Hey, I Cant live without music. Period! I love softwear that has equalizers and stuff for my music. I was woundering if anyone knows were i can get a wallpaper that jhas a equalizer THAT Moves with the music? I searched a few times on sites like filehippo but i cant find them. Please help. Ill give you a cookie!


----------



## lubo4444

Try Winamp.  I think they have some add-ons that you can add for that.


----------



## Gunzer555

*Thanks*

Thanks!

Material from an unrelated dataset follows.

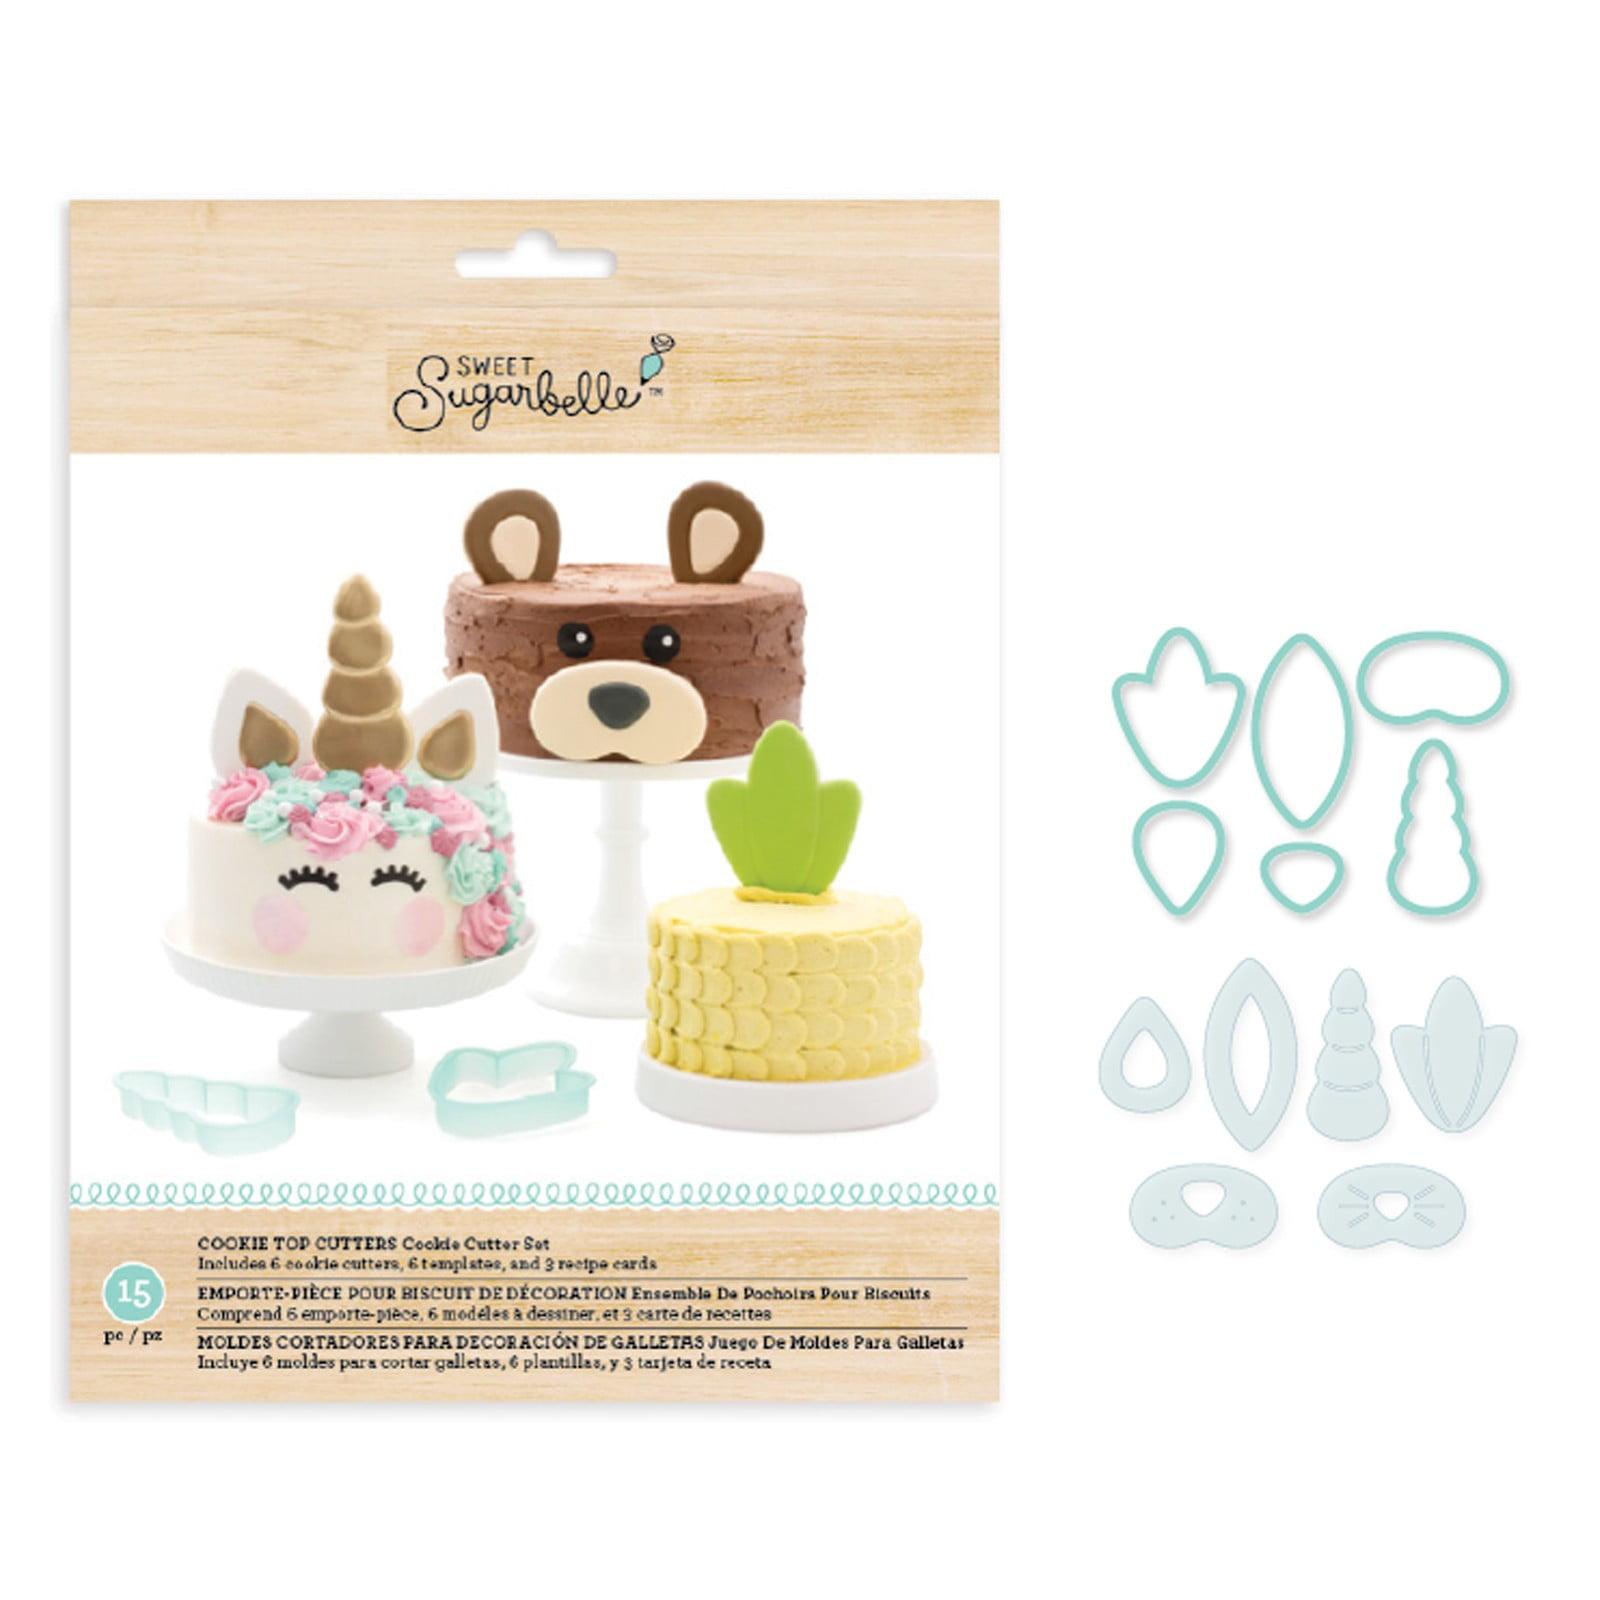 Terrific Sweet Sugarbelle Cookie Top Cookie Cutter Set Cake And Sugar Art Funny Birthday Cards Online Hendilapandamsfinfo
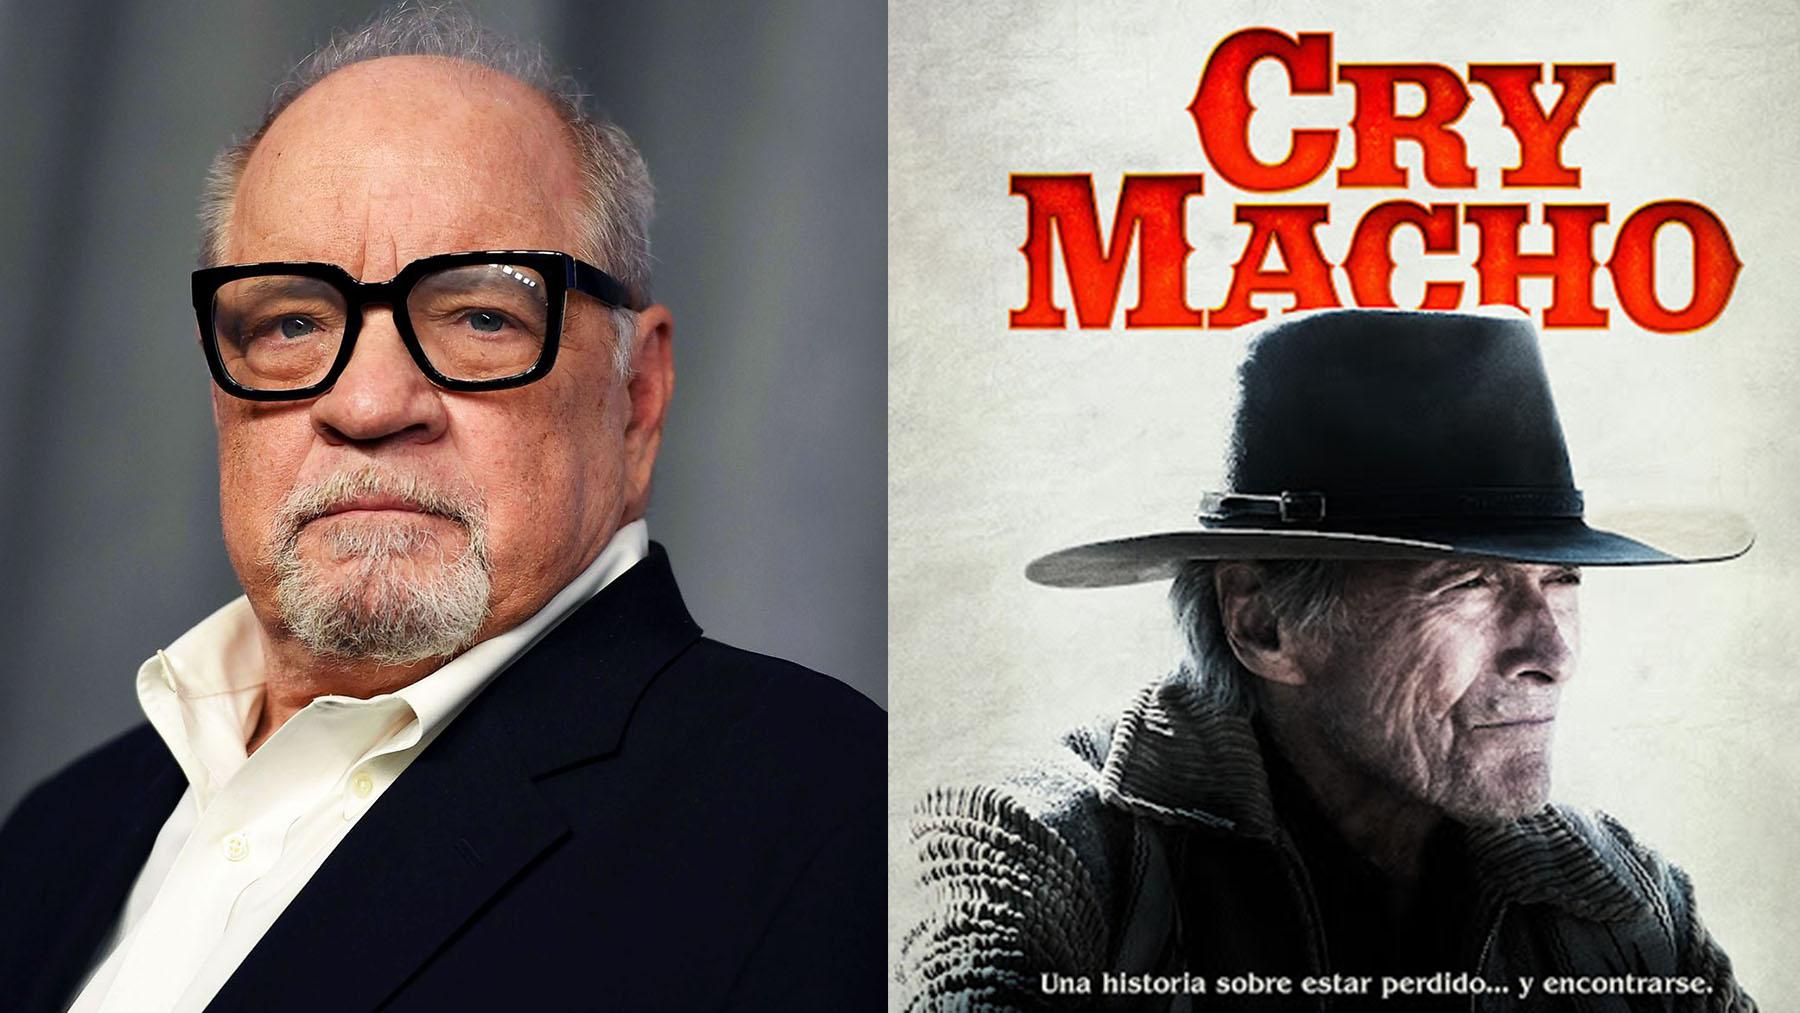 Al guionista Paul Schrader no le ha gustado nada «Cry Macho», la última película de Clint Eastwood

I Think i ound what i needed!


----------



## ganzey

hey, im really interested in this as well, is there any wa you could post a link to it? thanks


----------



## lubo4444

ganzey said:


> hey, im really interested in this as well, is there any wa you could post a link to it? thanks



You can download it from here. 

http://www.winamp.com/

They have free version and paid one.  I'm pretty sure you can do the equalizer wallpaper thing but i think you need to install some add-ons on the player.  I used to have that looooong time ago.  If i remember it i'll post it here how to do it because it was really a long time ago.


----------



## starlitjoker

im going to bed now but i got a equalizer video wallpaper, u got a good computer? cause it uses quite a bit of resources for video wallpapers, also what resolution? ill check this tomorrow morning and ill help u out


----------